While the RBA today kept the cash rate at 0.1%, and the interest rate on Exchange Settlement balances at zero %, the central bank expects underlying inflation to increase further in coming quarters to around 3.25%.
But as supply-side problems are resolved and consumption patterns normalise, the central bank expects underlying inflation to decline to around 2.75% over 2023.
As many economists had expected, the RBA has taken its cue from other central banks globally and signalled plans to cease further purchases of government securities with the final operation to take place on 10 February.
However, the RBA made it clear that ceasing purchases under the bond purchase program does not imply a near-term increase in interest rates. As a result, the Board has stated “it will not increase the cash rate until actual inflation is sustainably within the 2 to 3% target range.”

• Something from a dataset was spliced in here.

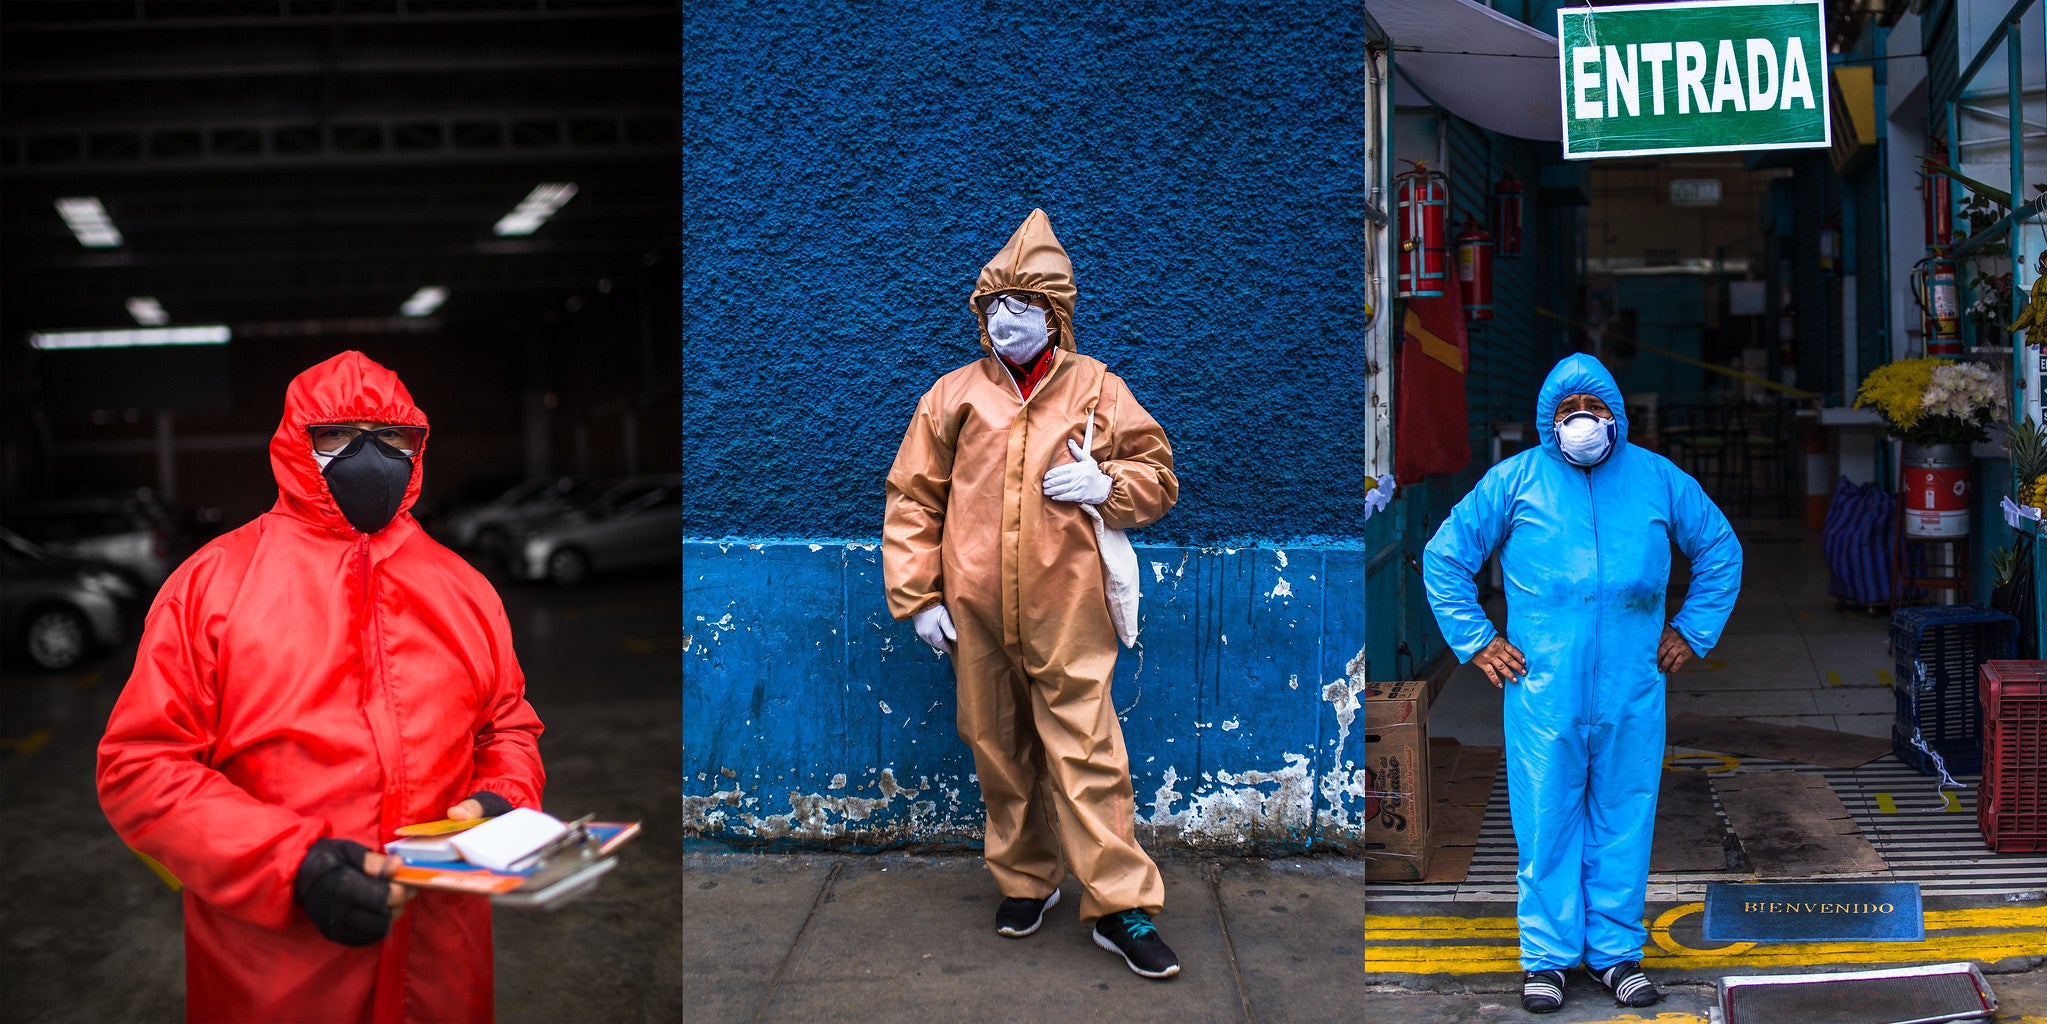 2020. Composición de imágenes de personas en trajes de protección en Lima, Perú, ciudad impactada fuertemente por la COVID19, durante los tiempos de pandemia.

Here are some key excerpts from the statement made by the RBA today:
“The decision to end purchases under the bond purchase program follows a review of the actions of other central banks, the functioning of Australia’s bond market and the progress towards the goals of full employment and inflation consistent with target.
“Many other central banks have ended, or will soon end, their bond purchase programs. More importantly, faster-than-expected progress has been made towards the RBA’s goals and further progress is likely. In these circumstances, the Board judged that now was the right time to end the bond purchase program.
“Inflation has picked up more quickly than the RBA had expected but remains lower than in many other countries. The headline CPI inflation rate is 3.5% and is being affected by higher petrol prices, higher prices for newly constructed homes and the disruptions to global supply chains. In underlying terms, inflation is 2.6%.
“The RBA’s central forecast is for the unemployment rate to fall to below 4 per cent later in the year and to be around 3¾ per cent at the end of 2023.
“While inflation has picked up, it is too early to conclude that it is sustainably within the target band. There are uncertainties about how persistent the pick-up in inflation will be as supply-side problems are resolved.
“Wages growth also remains modest, and it is likely to be some time yet before aggregate wages growth is at a rate consistent with inflation being sustainably at target.”